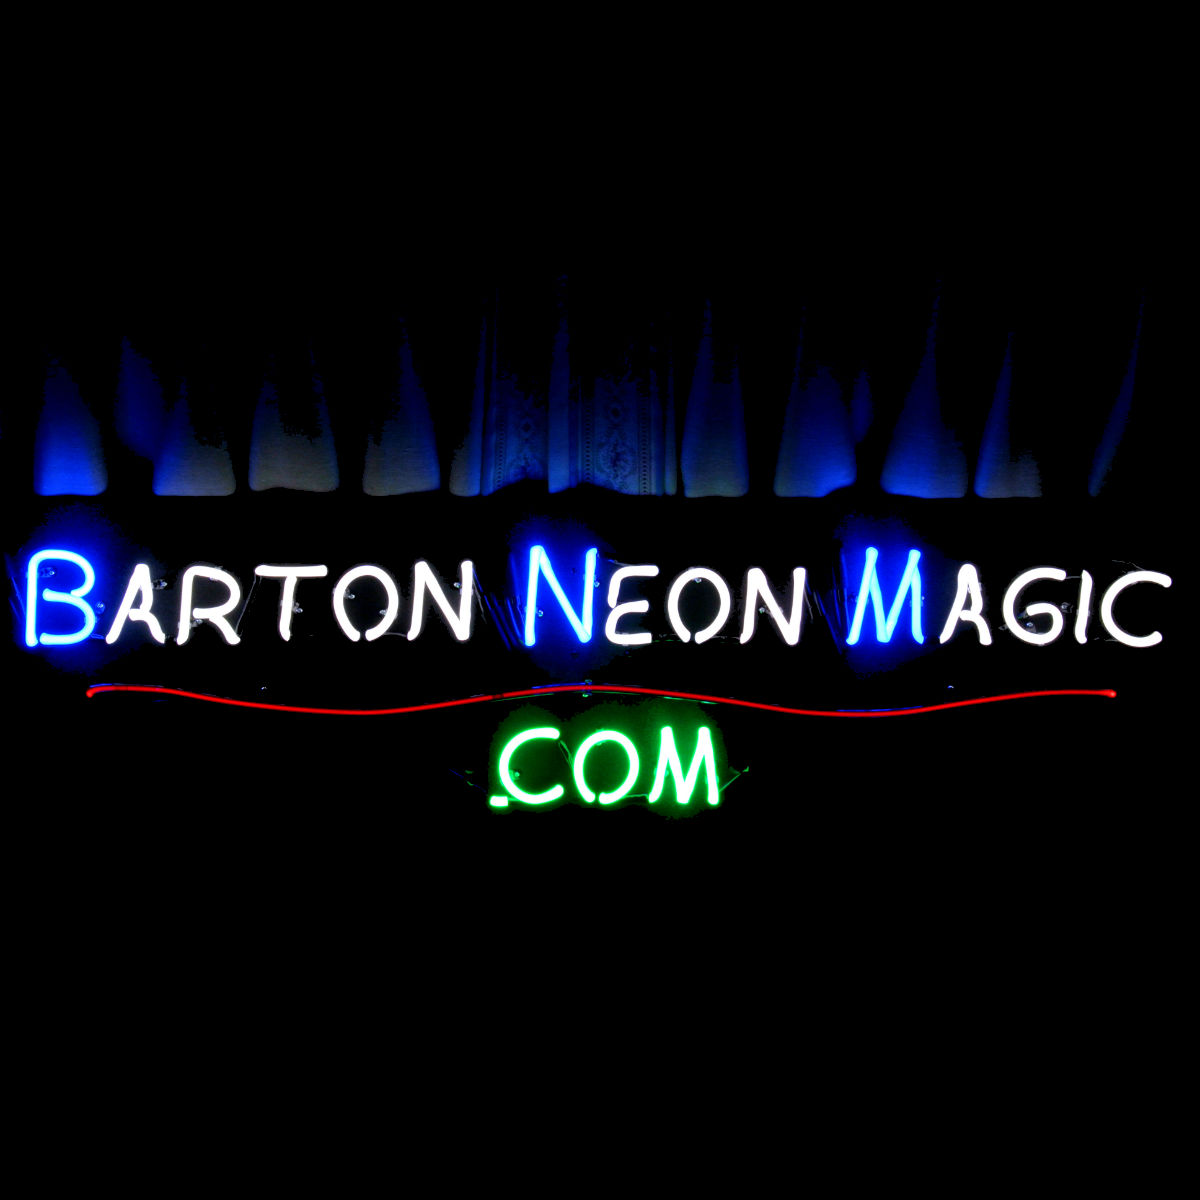 BartonNeonMagic.com - Custom Neon Lighting by John Barton - Famous USA Neon Glass Artist
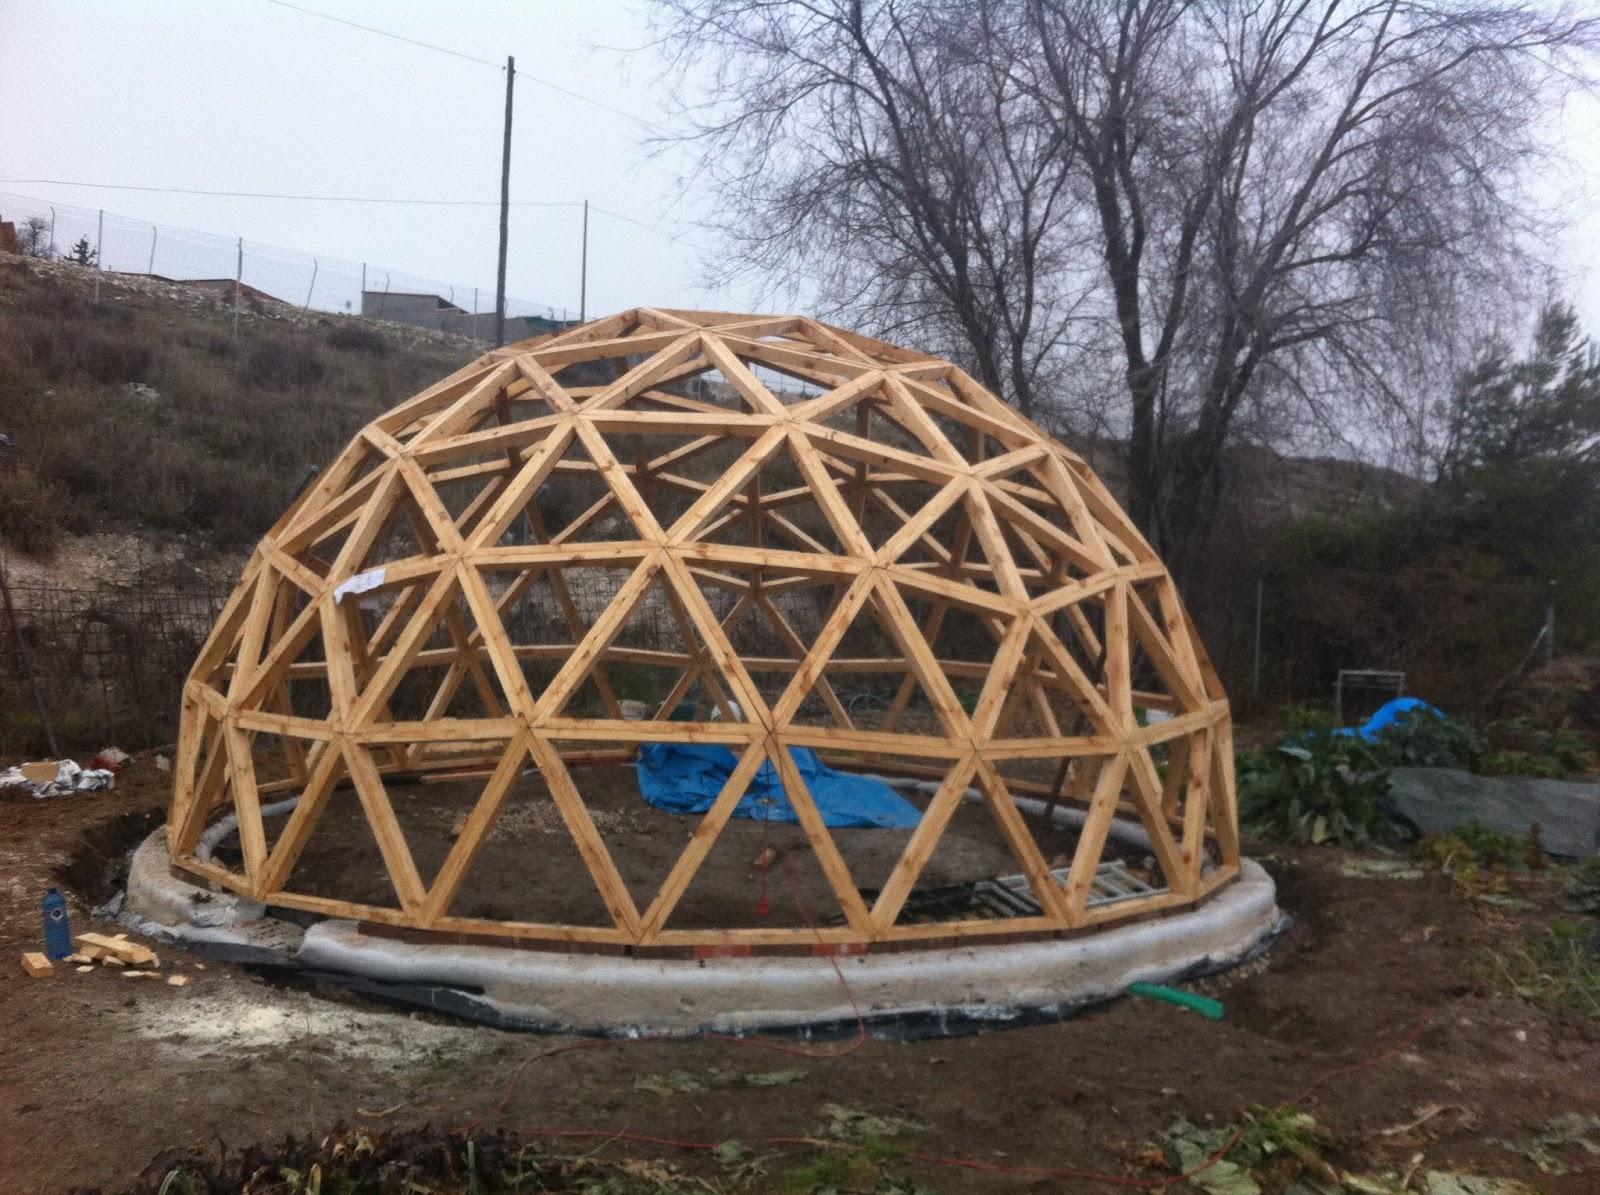 Domo Geod 233 Sico Forma Perfeita De Buckminster Fuller
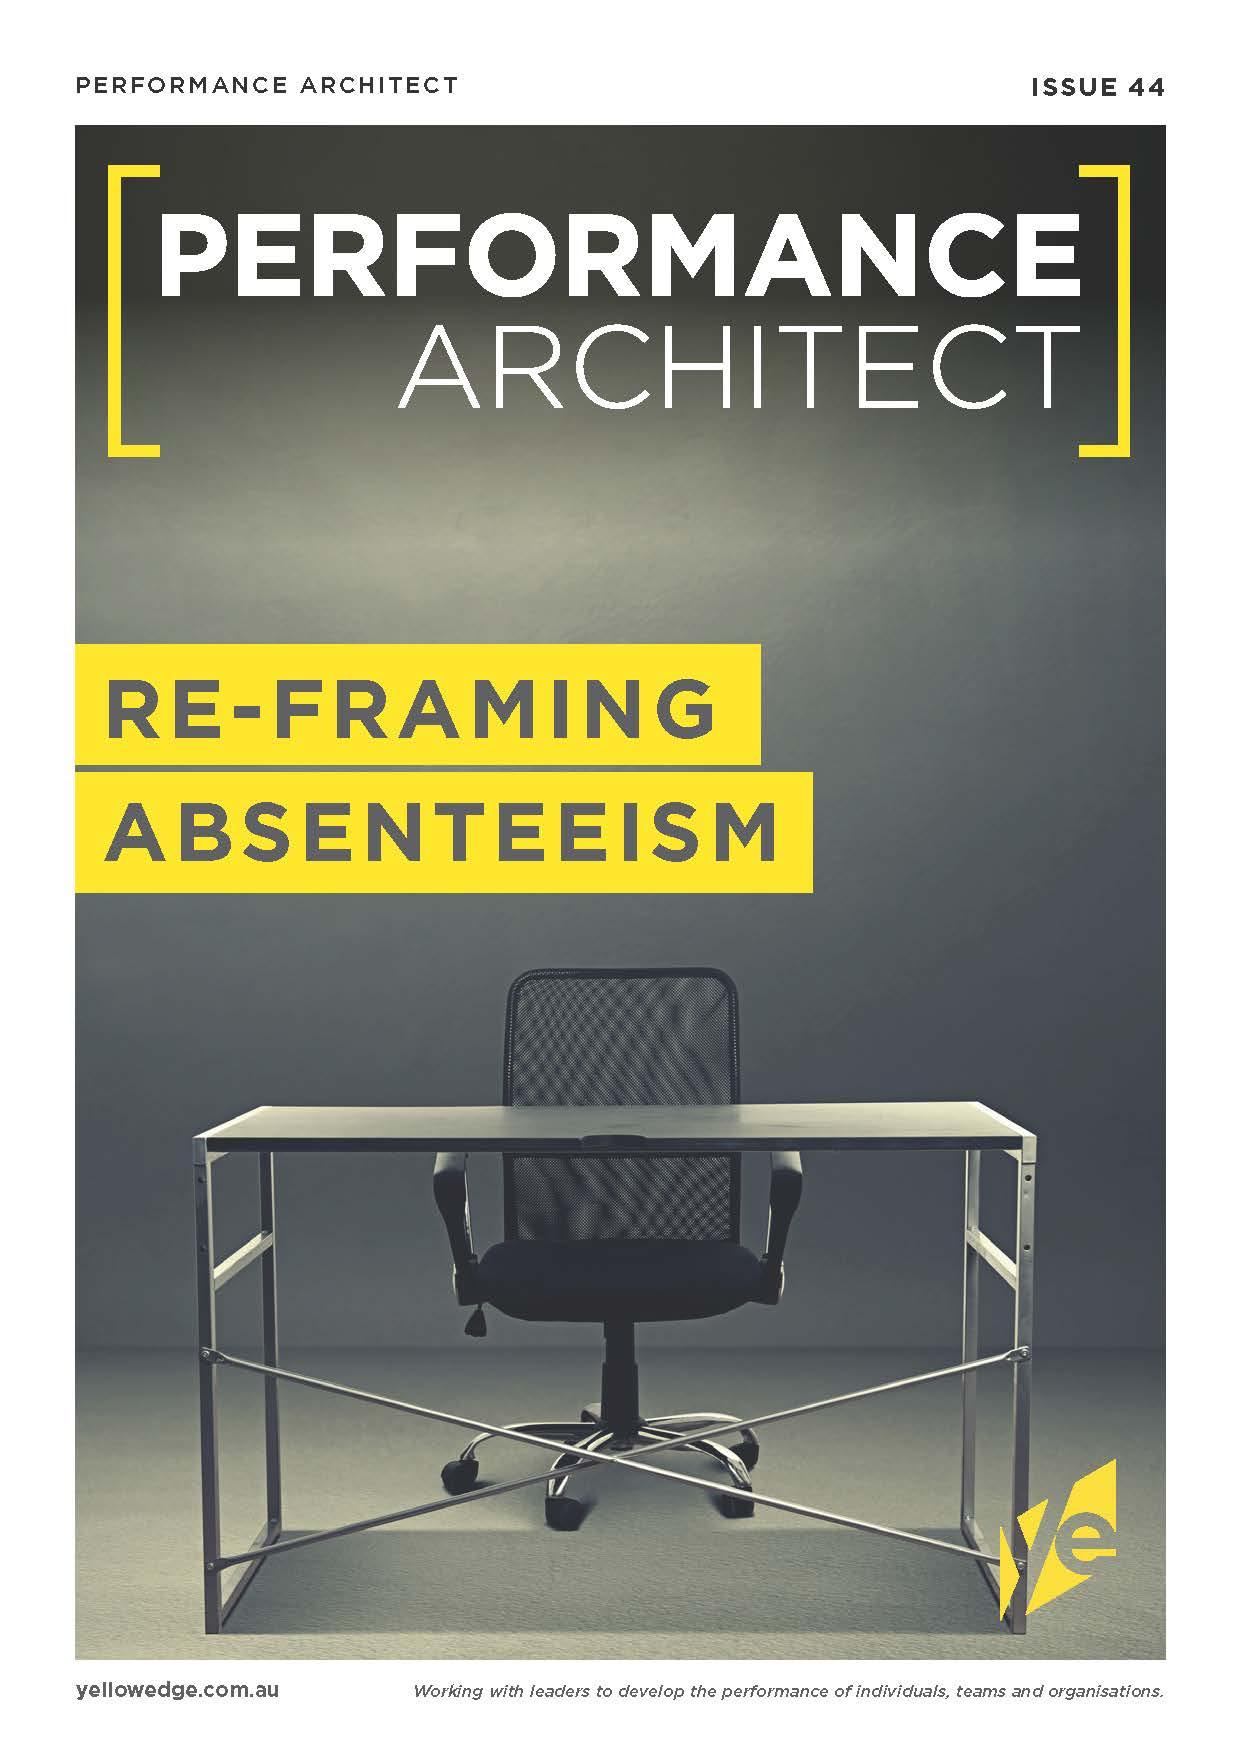 Re-framing absenteeism
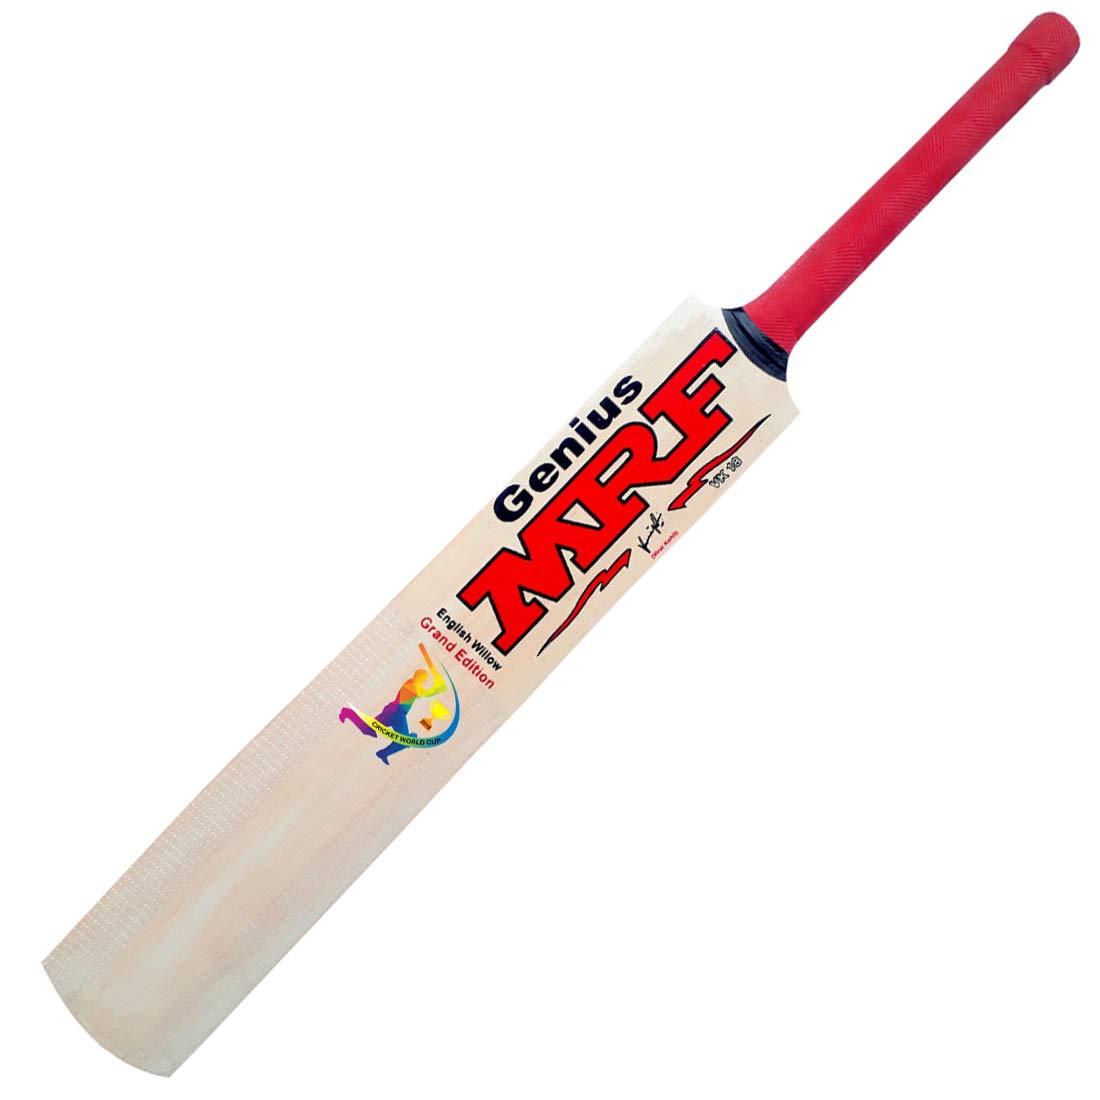 Fabulous-MRF-Genius-Virat-Kohli-Popular-Willow-Short-Handle-Cricket-Bat
◇ ◇ ◇ ◇ ◇
-- Problem to solve --
All of the material above should be reproduced exactly, except the pictures.

-- Response --
 BartonNeonMagic.com - Custom Neon Lighting by John Barton - Famous USA Neon Glass Artist
 Domo Geod 233 Sico Forma Perfeita De Buckminster Fuller
 Re-framing absenteeism
 Fabulous-MRF-Genius-Virat-Kohli-Popular-Willow-Short-Handle-Cricket-Bat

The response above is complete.